++++ Supplied information

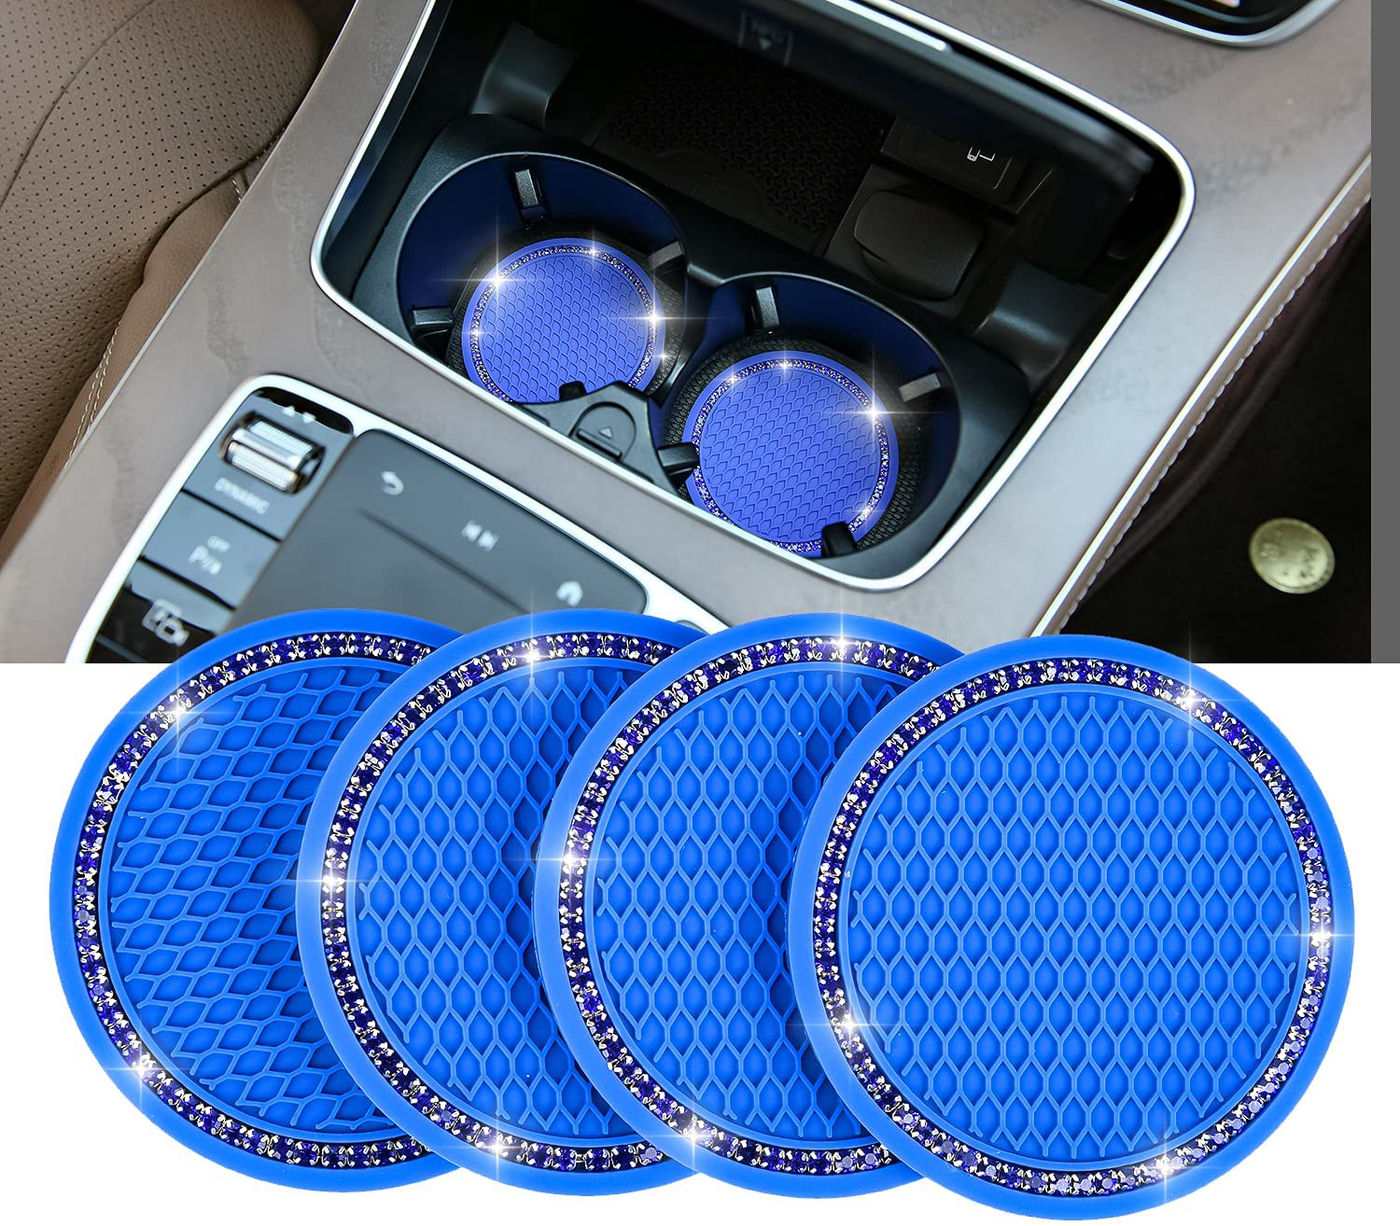 Valleycomfy 4PCS Bling Car Coasters, Universal Vehicle Bling Car Accessories -2.75 inch Silicone Anti Slip Crystal Rhinestone Cup Holder Coasters for Car (Black)
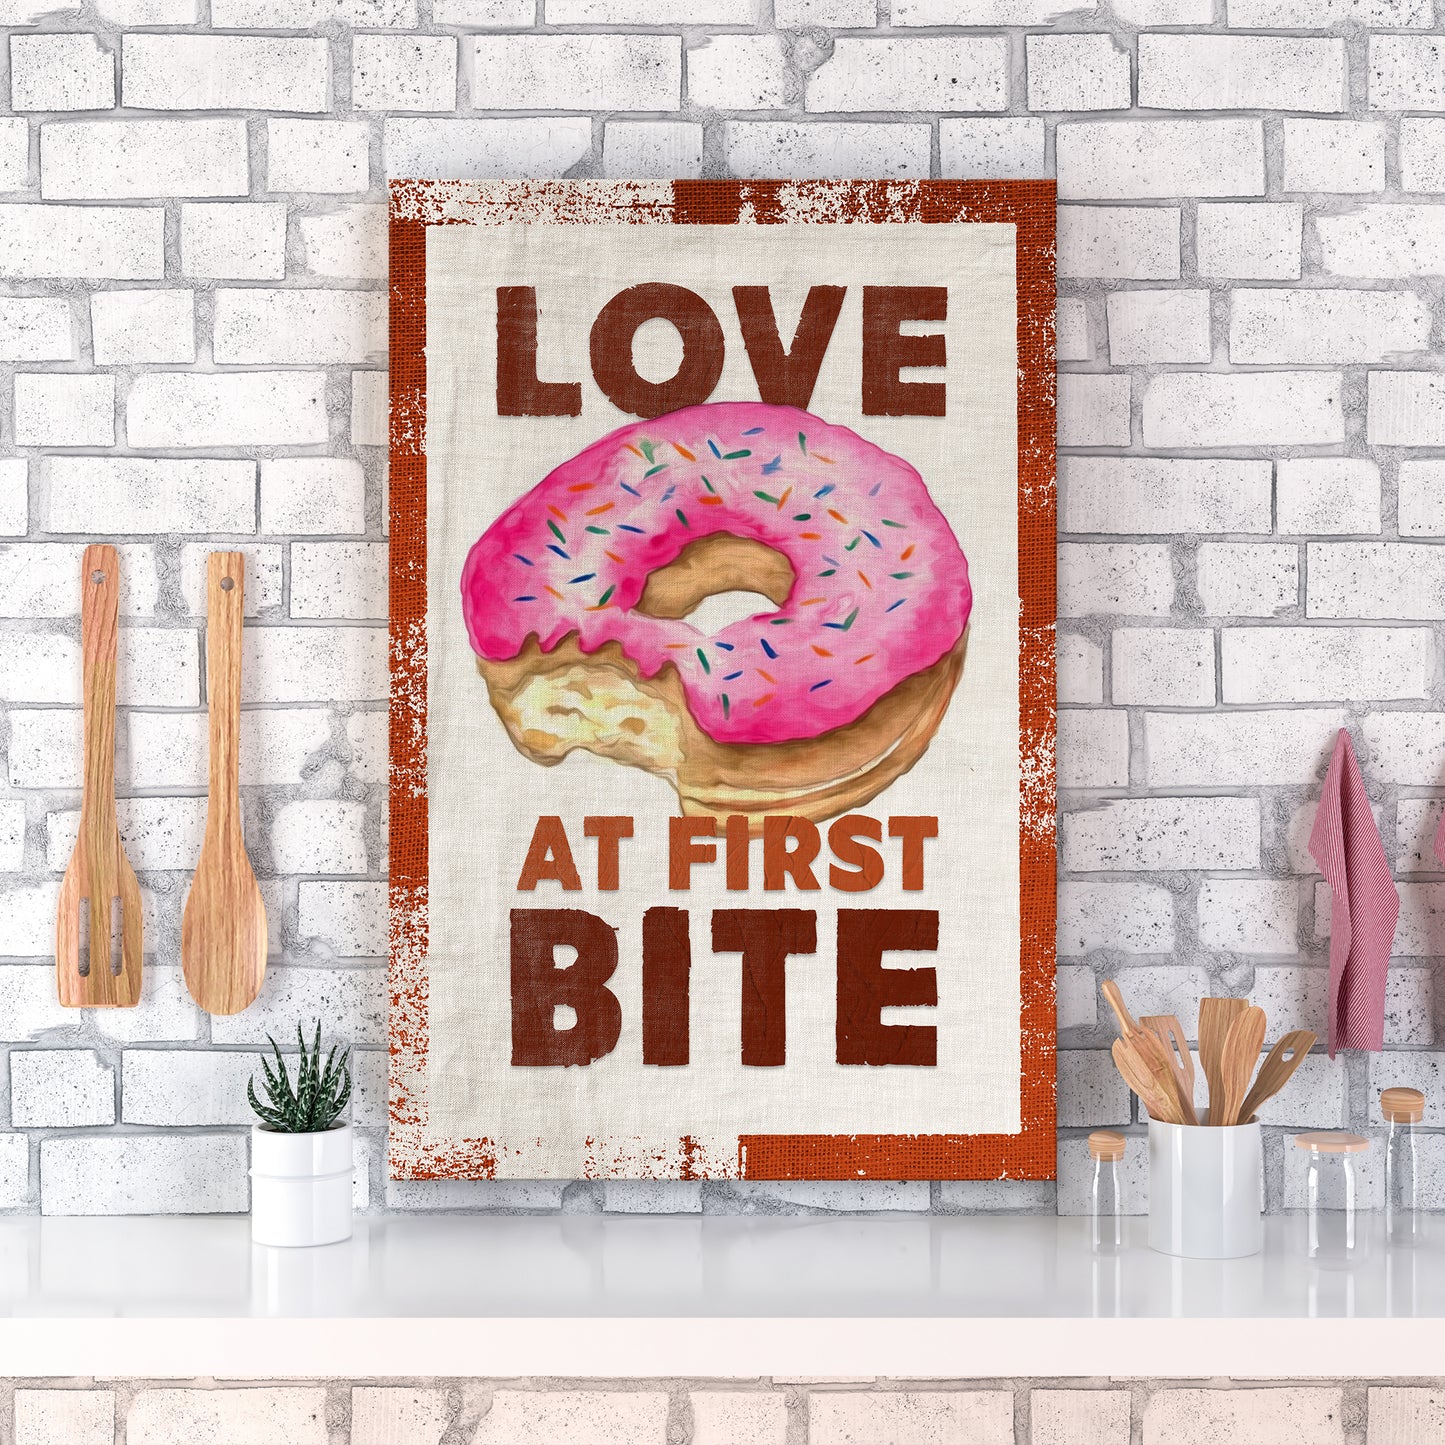 Love At First Bite Sign - Image by Tailored Canvases
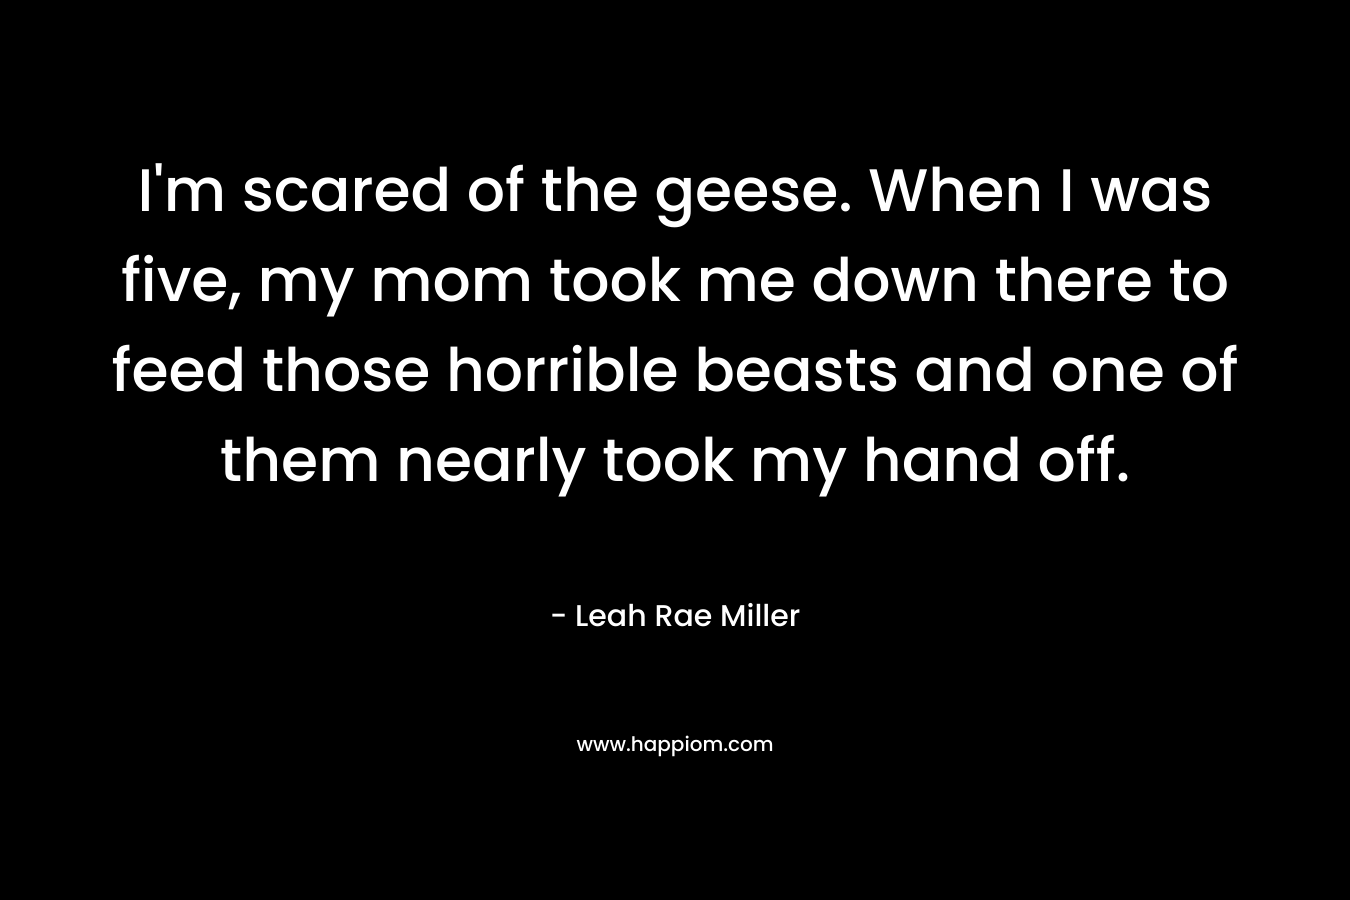 I’m scared of the geese. When I was five, my mom took me down there to feed those horrible beasts and one of them nearly took my hand off. – Leah Rae Miller

++++++++

Goal of the exercise: Once the pictures are set aside, give the listing again word for word.

Answer area:
 Valleycomfy 4PCS Bling Car Coasters, Universal Vehicle Bling Car Accessories -2.75 inch Silicone Anti Slip Crystal Rhinestone Cup Holder Coasters for Car (Black)
 Love At First Bite Sign - Image by Tailored Canvases
 I’m scared of the geese. When I was five, my mom took me down there to feed those horrible beasts and one of them nearly took my hand off. – Leah Rae Miller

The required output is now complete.